Несколько овец, повсюду следовавших за своим пастухом, вошли в открытую дверь и стали тупо мыкаться по углам комнаты, заставляя посуду мелко звенеть. Черный кот терся о ноги Анны. Священник отрешенно замер, словно внимая легкому бризу, долетающему с гор.

Оставаясь коленопреклоненным, он, не глядя, принял дрожащими руками картину, переданную Анной.

– Я прощу вас, падре, – тихо промолвила она, – окропить этот дар святой водой и передать до приезда Его Святейшества на хранение маэстро Росселино.

Священник кивнул.

– Стало быть, дар этот предназначен для главы нашей церкви?

– Он предназначен для новой церкви в Корсиньяно. Его Святейшество останется доволен.

– Кто ты? Кто тебя прислал? – не удержался от вопроса падре.

– Святая Агата, – был ответ.

Священник даже не взглянул на картину. Он не отводил глаз от ангела. Андрополус, из последних сил стараясь удержаться на ногах, с хмельным упрямством пытался восстановить связь событий. Голая женщина в окне… Летящая женщина, распростертая в воздухе над деревьями, как парус… Баронесса Анна, мать Лукреции, около двери… Неужто все это – одно и то же? Ну конечно же! Она и есть нагой ангел, паривший над долиной, над склонами холмов, покрытыми цветущими маками. Как только он сразу не понял: ночная духота заставила ее раздеться. Андрополус поклялся себе, что никогда не расскажет Лукреции, в каком виде ее мать являлась ночью цветам, овцам и ему.

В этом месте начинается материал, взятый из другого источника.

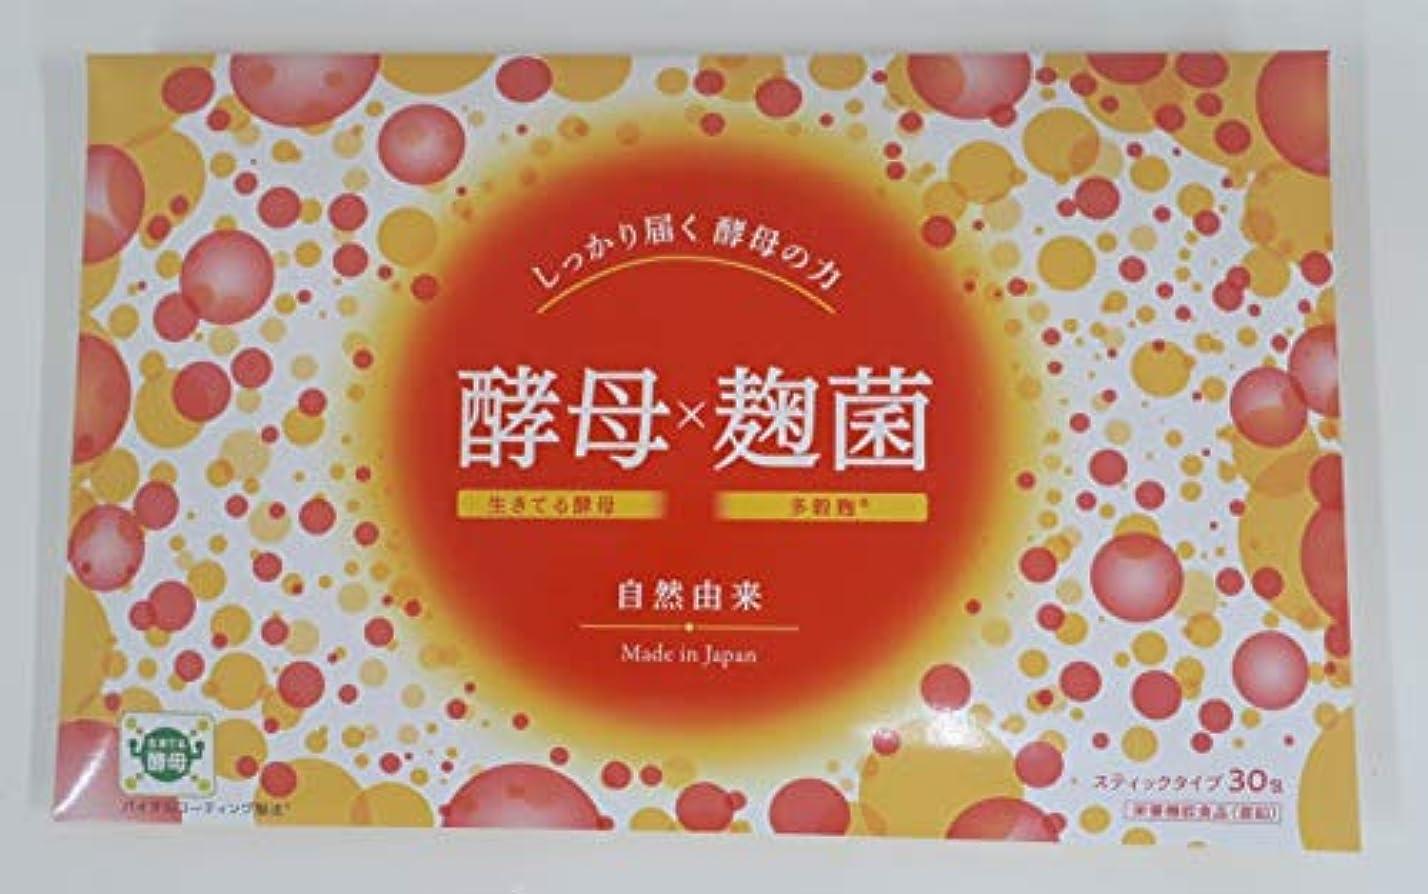 比較カラス豚肉酵母×麹菌

А вот падре, наверное, должен узнать о его догадке. Священник думает, что в опочивальню залетел ангел, а ведь это не так. Но разве можно лишать человека, каков бы тот ни был, веры в явленное чудо? Тут нужны жестокость и решимость, которых у Андрополуса нет. Не всякий способен взять в руки карающий меч и вонзить его в тело противника. Андрополус не способен.

Он вообще мало что может. Маленький, жалкий, ничтожный, никому не нужный – даже падре совсем забыл о нем, едва перестал ощупывать жадными потными ладонями.

Меч, пронзающий тело противника… Отец убил во время битвы сотни турок. Настоящий воин императора Константина.

Приходской священник преклонился перед баронессой, приняв ее за ангела, и молил о прощении, размышлял хмельной Андрополус. Это неспроста. Водоносы у колодца на церковной площади часто болтали между собой о том, что Анна – не обыкновенная женщина, а северная ведьма. Будто краска, которой она пользуется, имеет какую-то необыкновенную силу. Будто разъяренный бык, увидев окрашенную колдуньей ткань, становится смирнее ягненка и падает на колени. Выходит, они правы. Он сам видел, как то же самое сделал падре. «Плащ матадора» – так вроде бы водоносы называли пурпурную пелерину, которую Папа Римский, часто накидывает на плечи?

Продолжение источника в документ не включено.